◆ What you need to do ◆
Leave out every picture and set down, exactly, the lines below from the one holding "Kerusso Kids T-Shirt" up to and including the one holding "Название: Раскраска Дети".

== Data records

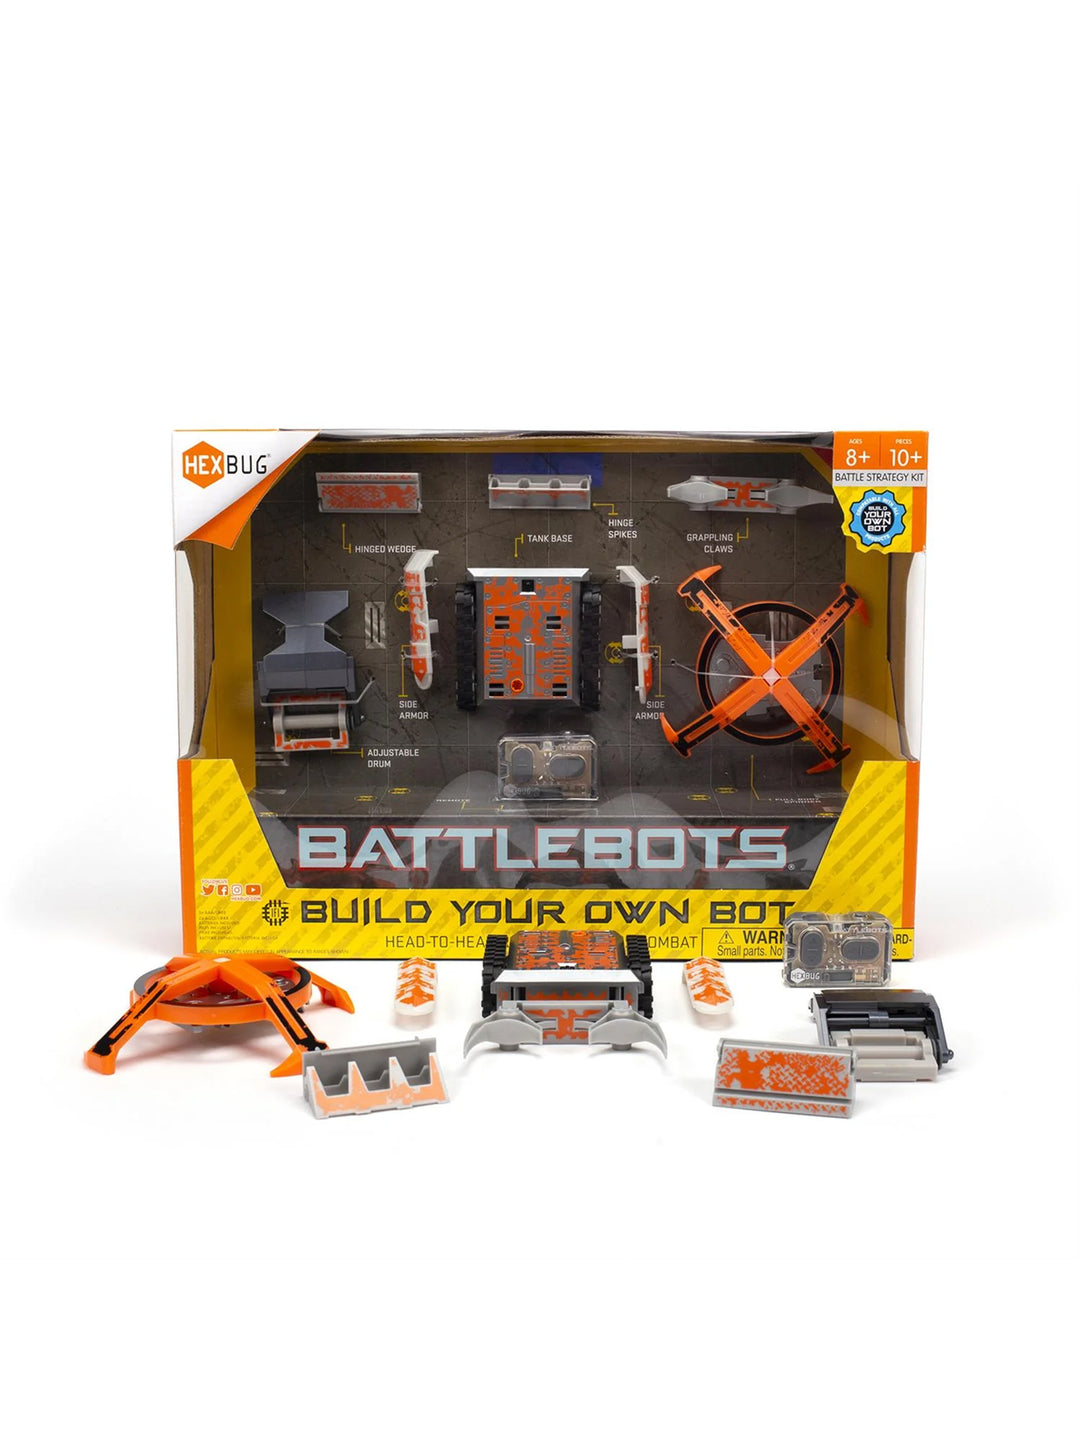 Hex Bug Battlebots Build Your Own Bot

====
== Data records

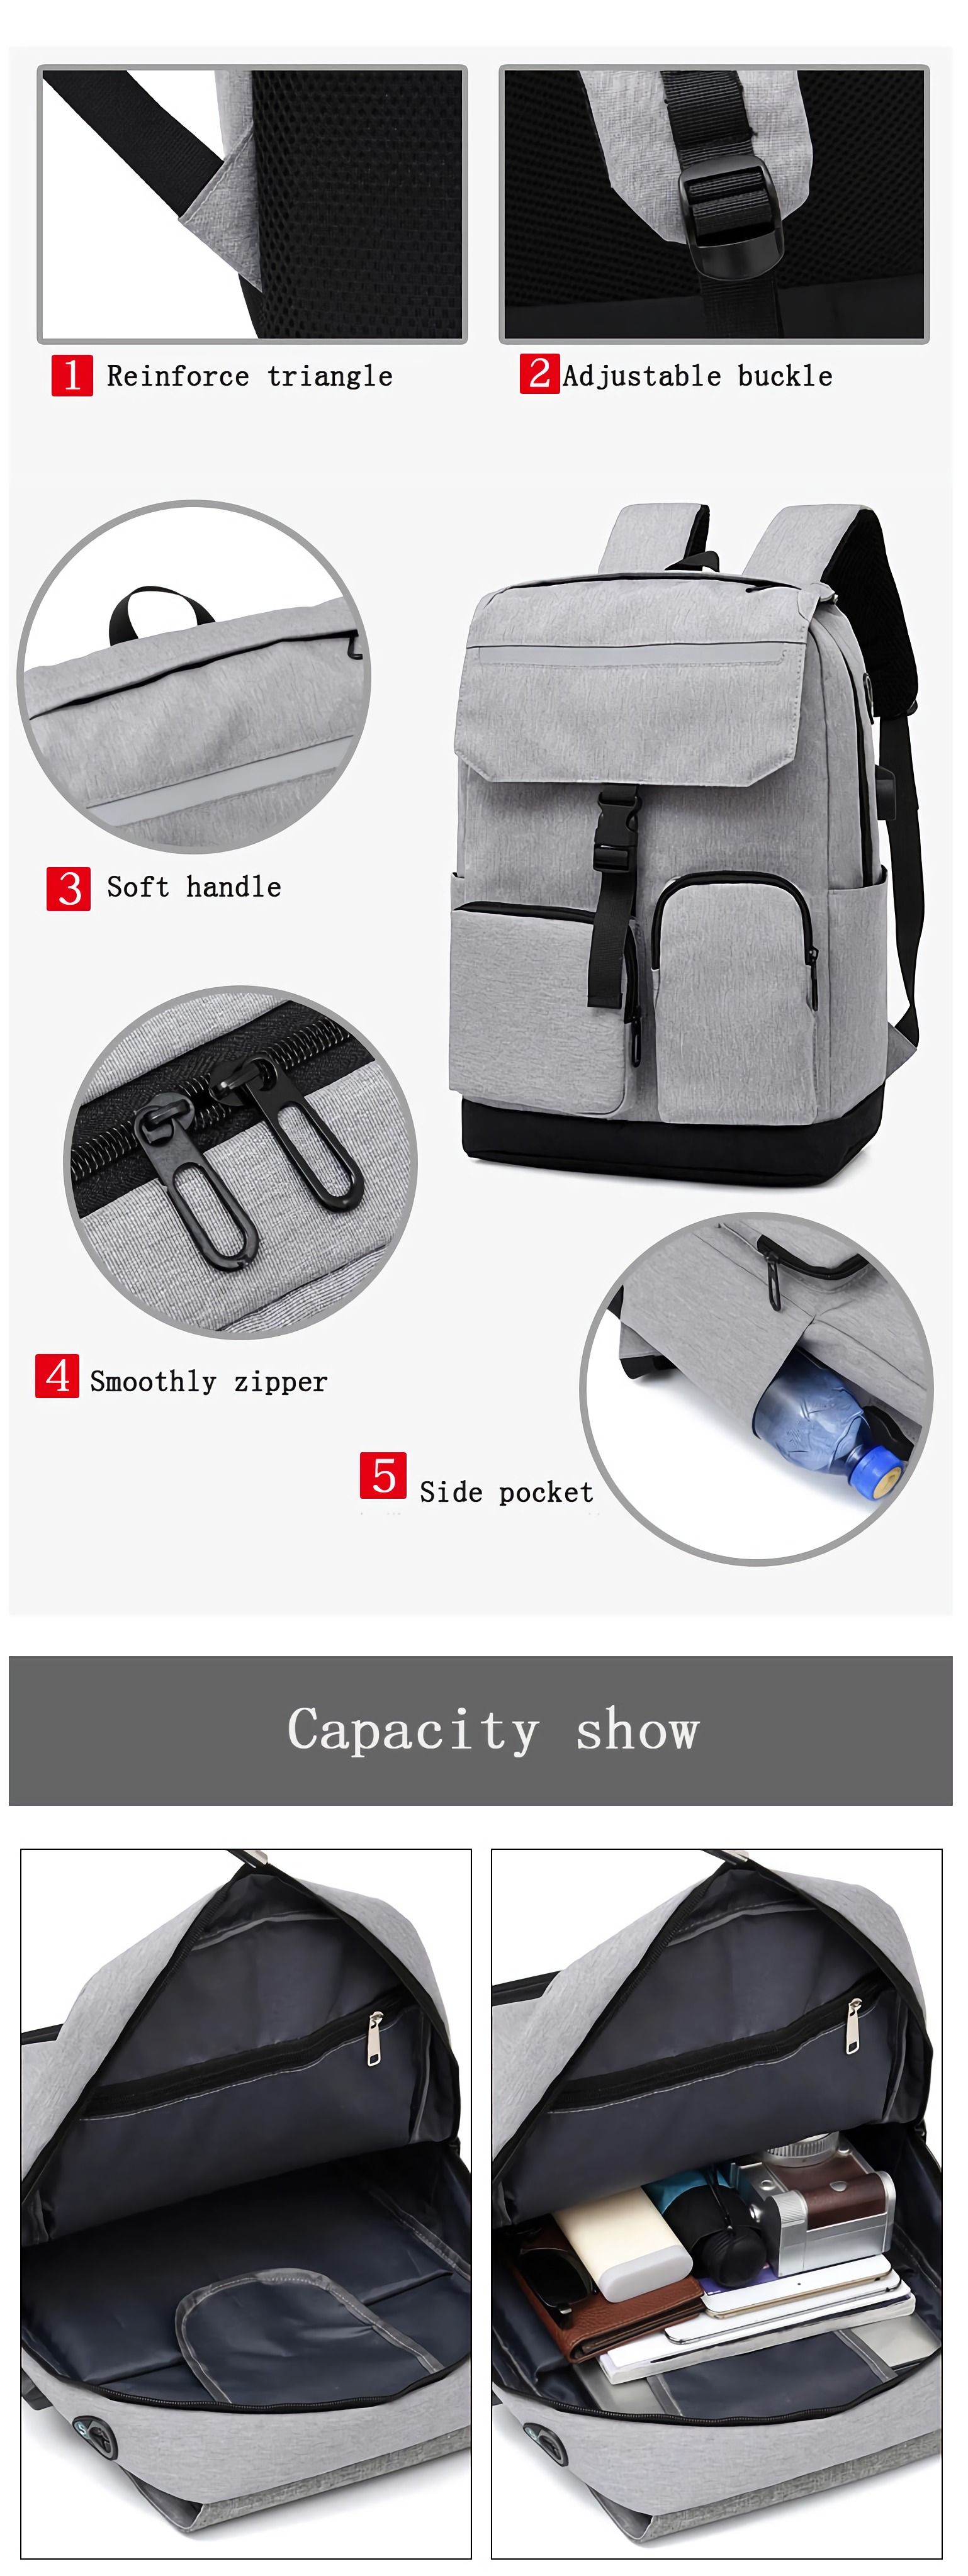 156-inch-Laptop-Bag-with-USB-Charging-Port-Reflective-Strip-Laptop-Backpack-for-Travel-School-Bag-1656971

====
== Data records

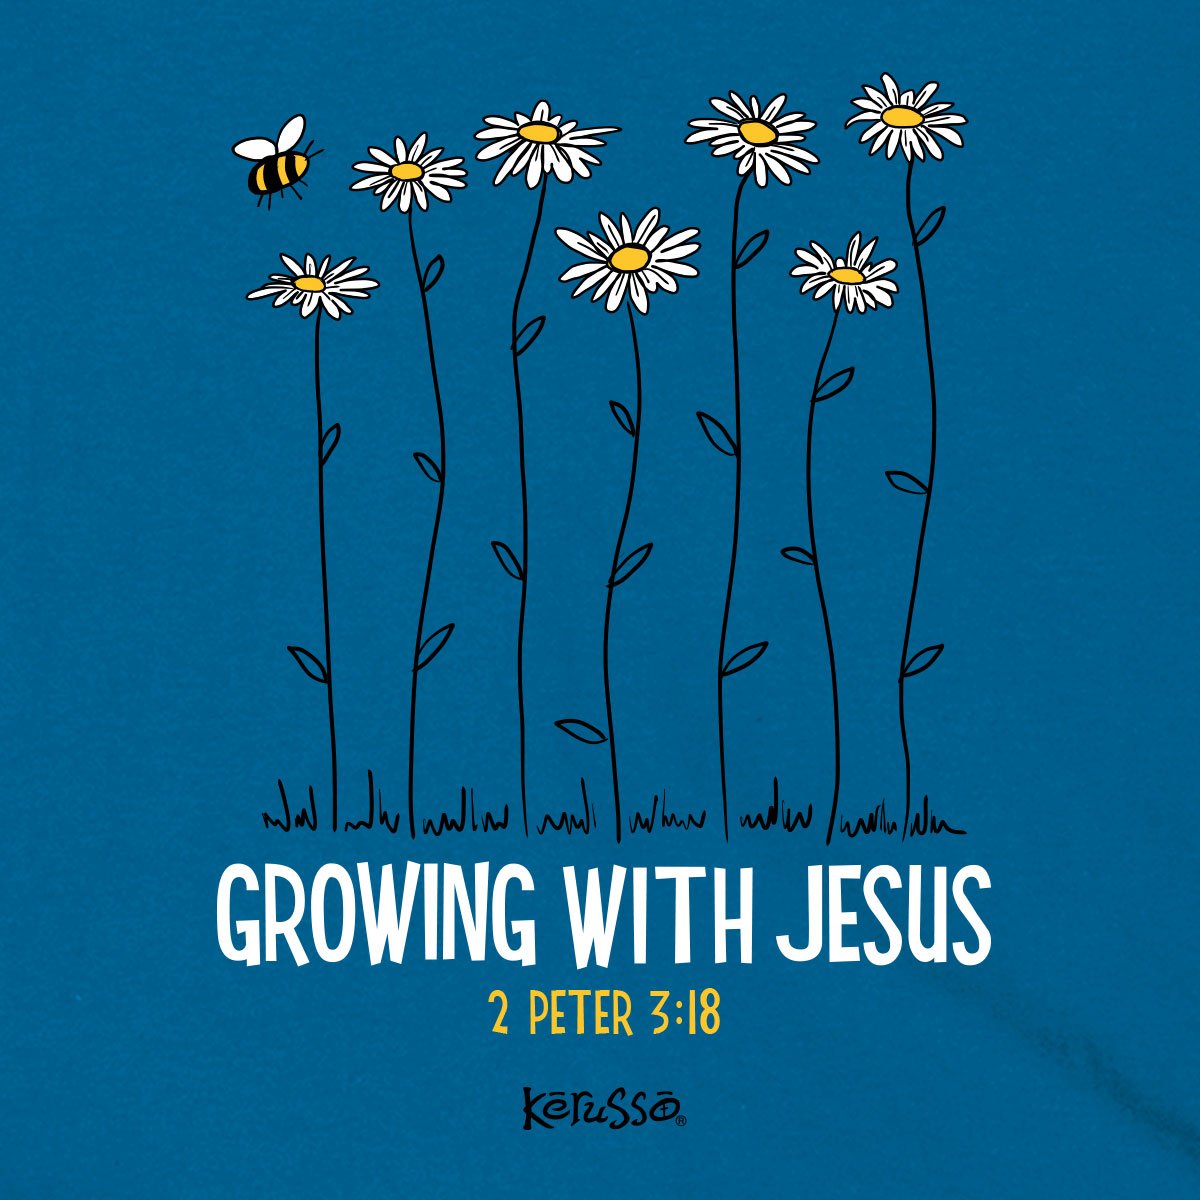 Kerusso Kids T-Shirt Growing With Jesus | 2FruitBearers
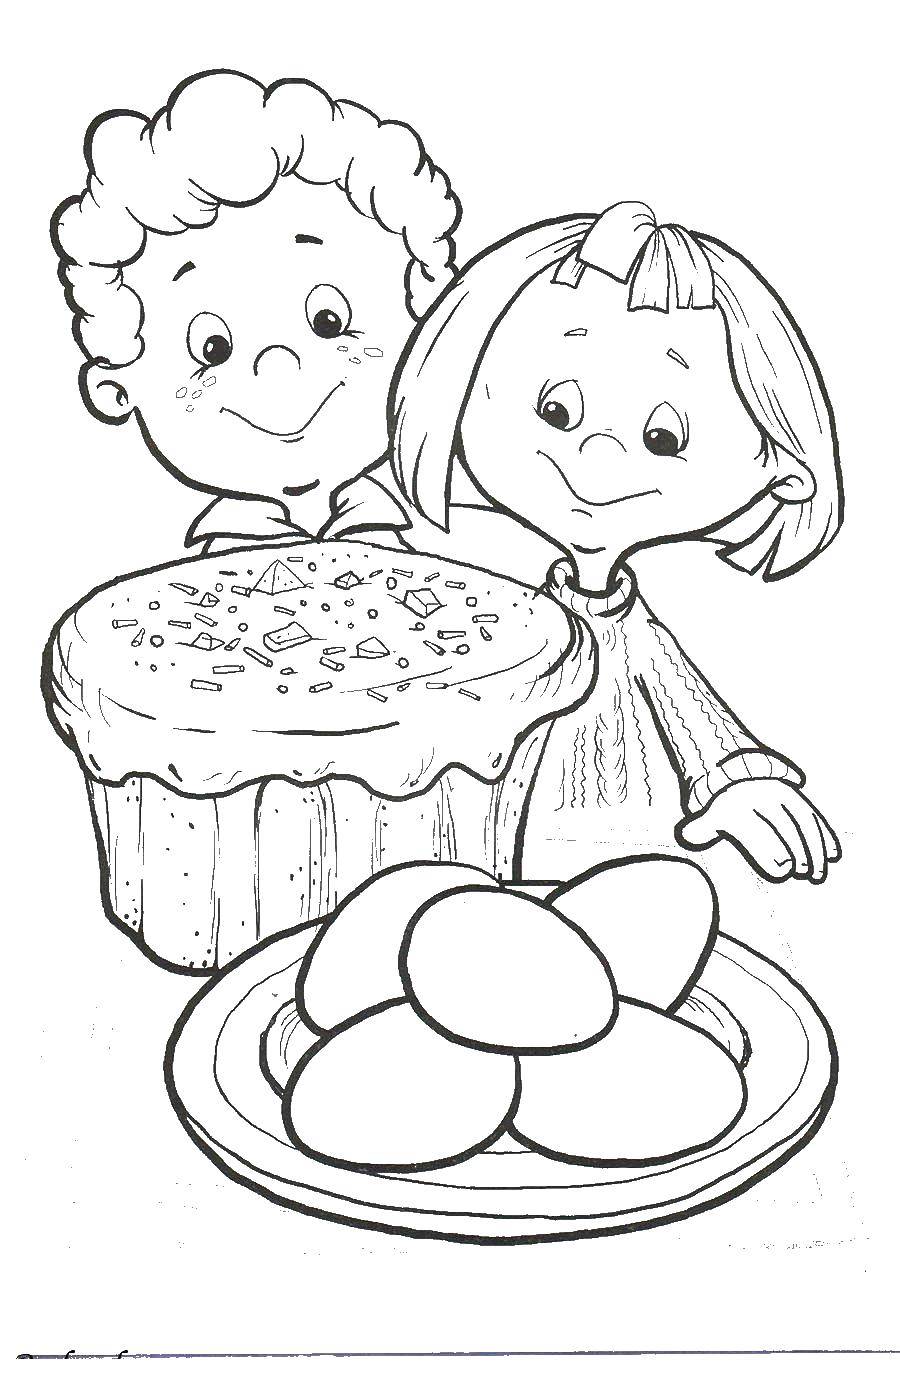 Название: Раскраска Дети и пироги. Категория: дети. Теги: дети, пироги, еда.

====

◆ Written reply ◆
 Kerusso Kids T-Shirt Growing With Jesus | 2FruitBearers
 Название: Раскраска Дети и пироги. Категория: дети. Теги: дети, пироги, еда.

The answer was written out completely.